Despite its innocent papery appearance, your disposable coffee cup is doing more damage than you might think. The ABC’s War on Waste clearly identified take-away coffee cups as a major sustainability issue. Contrary to common belief, they are not recycled. The plastic lining ensures that they almost never make it to a recycling plant (regardless of what bin you put them in). They don’t biodegrade either, so Australia’s astronomical demand for its daily coffee fix means these cups reach landfill in plague-like proportions. It is estimated that disposable coffee cups are the second largest litter waste product, outdone only by plastic bottles.

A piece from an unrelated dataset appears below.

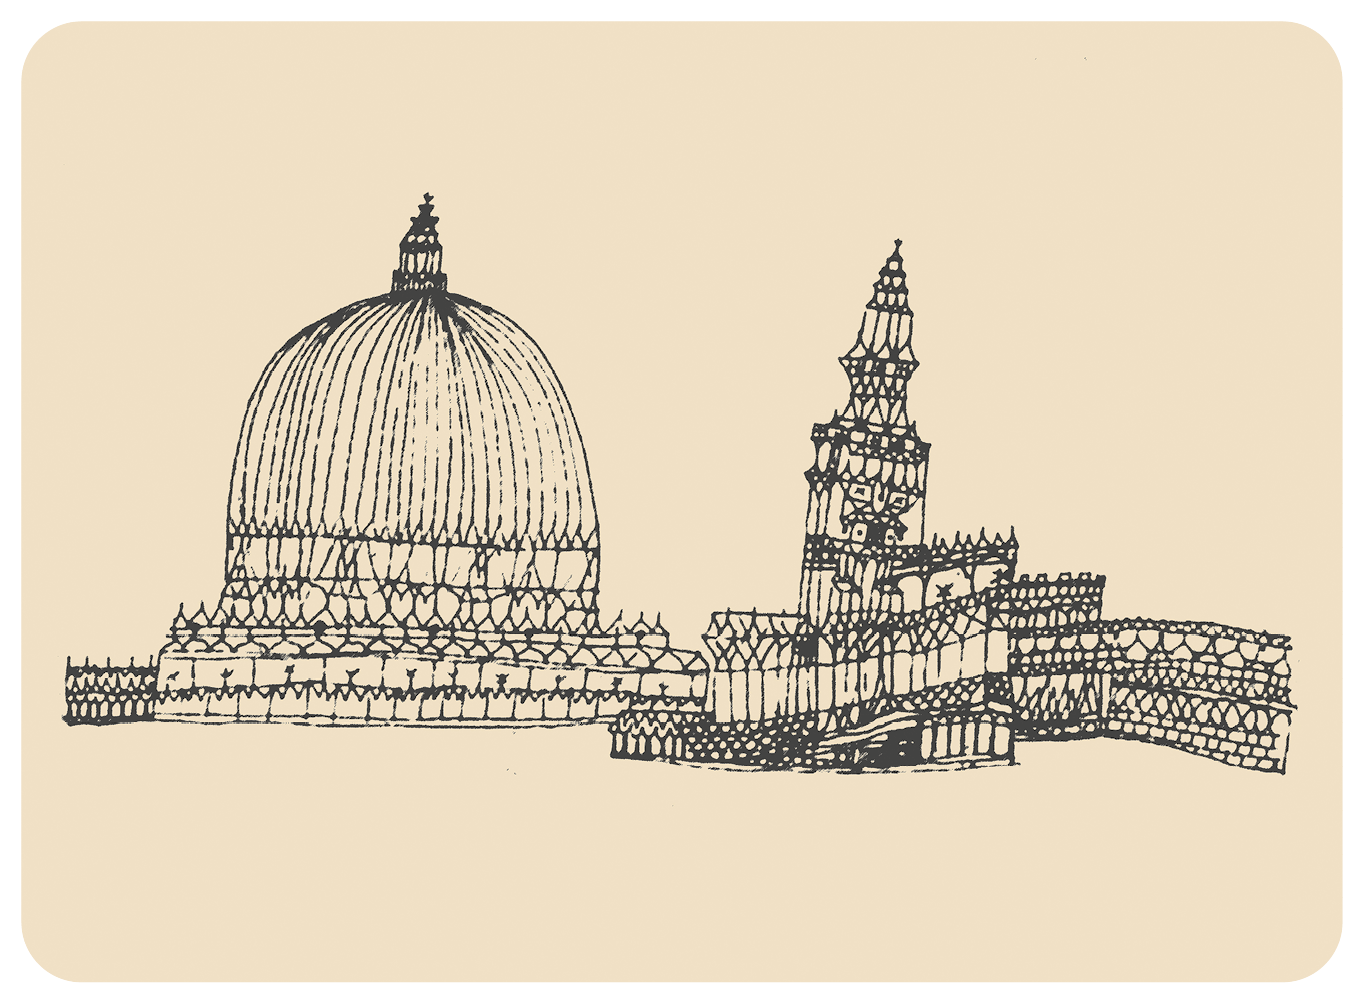 Pintura em preto e branco. Com linhas pretas e finas, à esquerda, desenho de uma construção com teto de cúpula; à direita, uma construção que apresenta uma torre central com teto piramidal.

One solution stands out as fairly straighforward: BYO cups. The movement is growing in Australia with environmentalists everywhere encouraging co-workers and friends; and some coffee shops offering discounts for customers who bring their own cup. But for those who struggle to remember that cup when they leave the house, there are other options.

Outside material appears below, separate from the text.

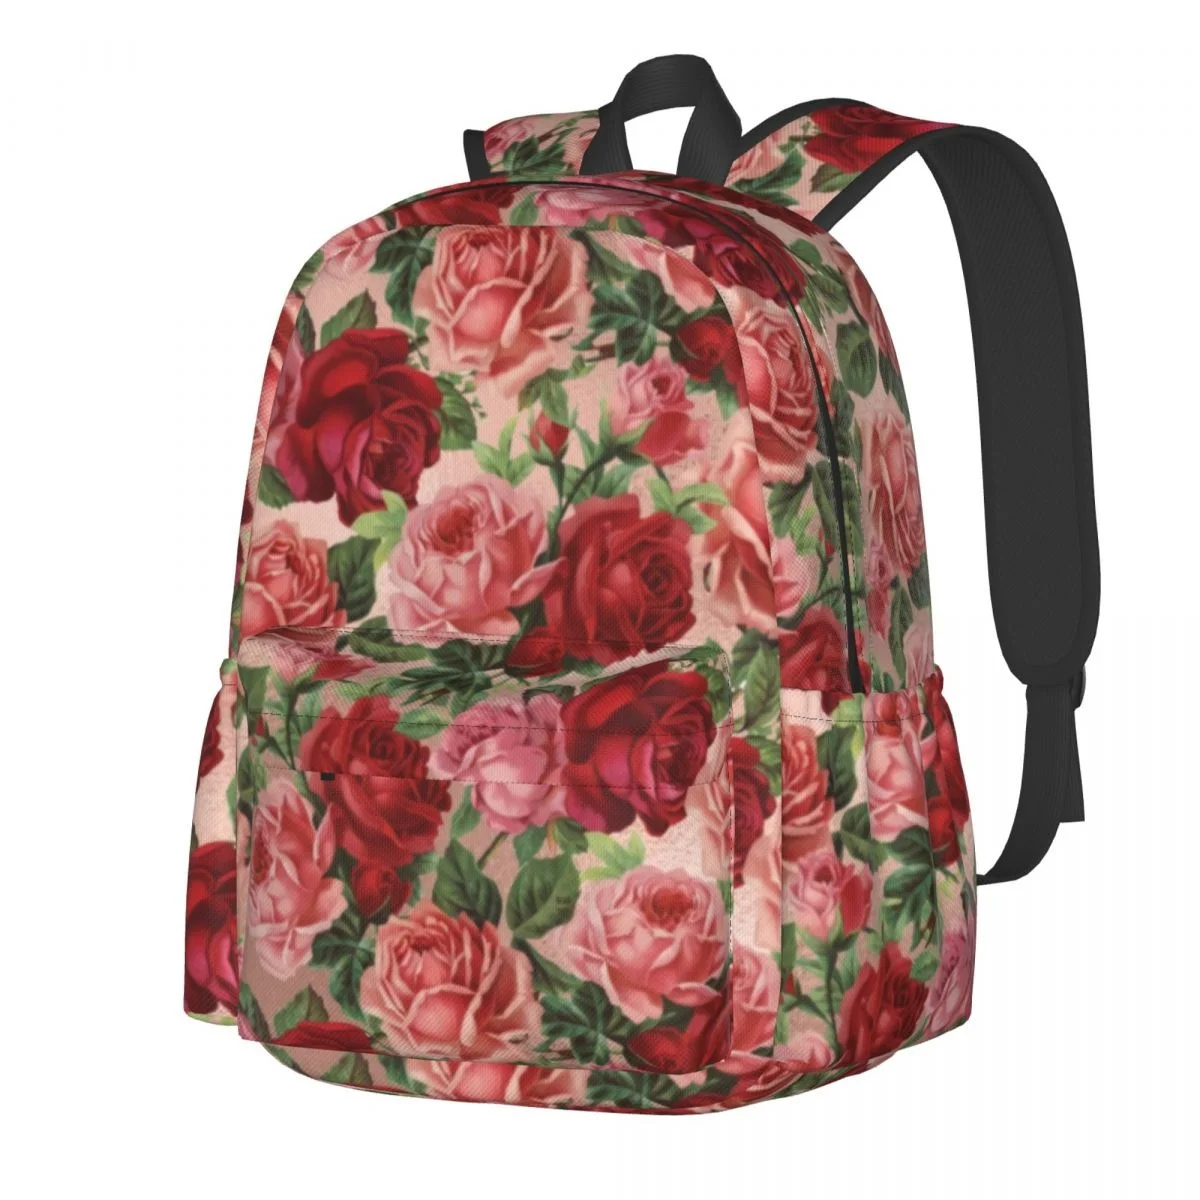 

Винтажный рюкзак с цветочным принтом, женские элегантные большие рюкзаки с красными розами, школьные рюкзаки из полиэстера, спортивные высококачественные рюкзаки

Another solution is in-house office coffee. Investing in a good quality office coffee machine can make a huge difference to sustainable office practice. Machines like the Nespresso pod system deliver a quality caffeine fix with a low environmental imprint (Who knew George Clooney was such an environmentalist?). The aluminium coffee pods that Nespresso uses are entirely recyclable, and they make it as easy as possible for you to send them in. When the used coffee pods are returned, 100% of the aluminium is recycled and the used coffee grounds go into compost.

However you decide to tackle it, the hidden menace in your disposable coffee cup doesn’t have to be the end of the story.

A World-First Biofuel Flight

Earlier this year, Qantas pulled off the world’s first dedicated biofuel flight from the USA to Australia. Flight QF96 departed Los Angles on the 28th of Janurary, and landed in Melbourne 15 hours later, saving 18,000kg in carbon emissions.

Qantas’ biofuel of choice is processed from Brassa Carinata (a kind of mustard seed) developed by Agrisoma Biosciences.  The partnership between Qantas and Agrisoma will see both companies work alongside Australian farmers with the aim of growing Australia’s first commercial aviation biofuel seed crop by 2020.

For more information on the historic flight and Qantas’ future plans, check out the article here.

Combining Sustainability and Luxury – Sunrise at 1770

Sunrise at 1770 combines high-end luxury housing with a strong emphasis on sustainability and the conservation of the surrounding nature reserve. The multi-award-winning housing development spans six beaches and 625 hectares along Australia’s stunning eastern coastline, but is more than just a luxury gated community.

While the community offers permanent and holiday residents a slew of state-of-the-art facilities (pools, tennis courts, volleyball courts, and dining pavilions are just a few) it strives to be more than just an idyllic holiday destination.  Sunset at 1770 embraces best environmental practice and excellence in design technology in order to ensure that sustainability remains a foundational goal throughout its design and operation.  It’s exactly the sentiment that the AGDF seeks to foster and support in Australian Development.

For more information and some gorgeous pictures, check out the Sunrise at 1770 website.

The bank that pauses your mortgage whilst you switch to solar

‘The bank that pauses your mortgage whilst you switch to solar…’ Bank Australia. 

We have recently spotted an especially exciting promotion. Bank Australia is encouraging their customers towards sustainability by pausing their home loan repayments while they make the switch to solar power.  An excellent initiative and an exciting sign that big companies are sensing, responding to, and increasingly encouraging a greener & cleaner future.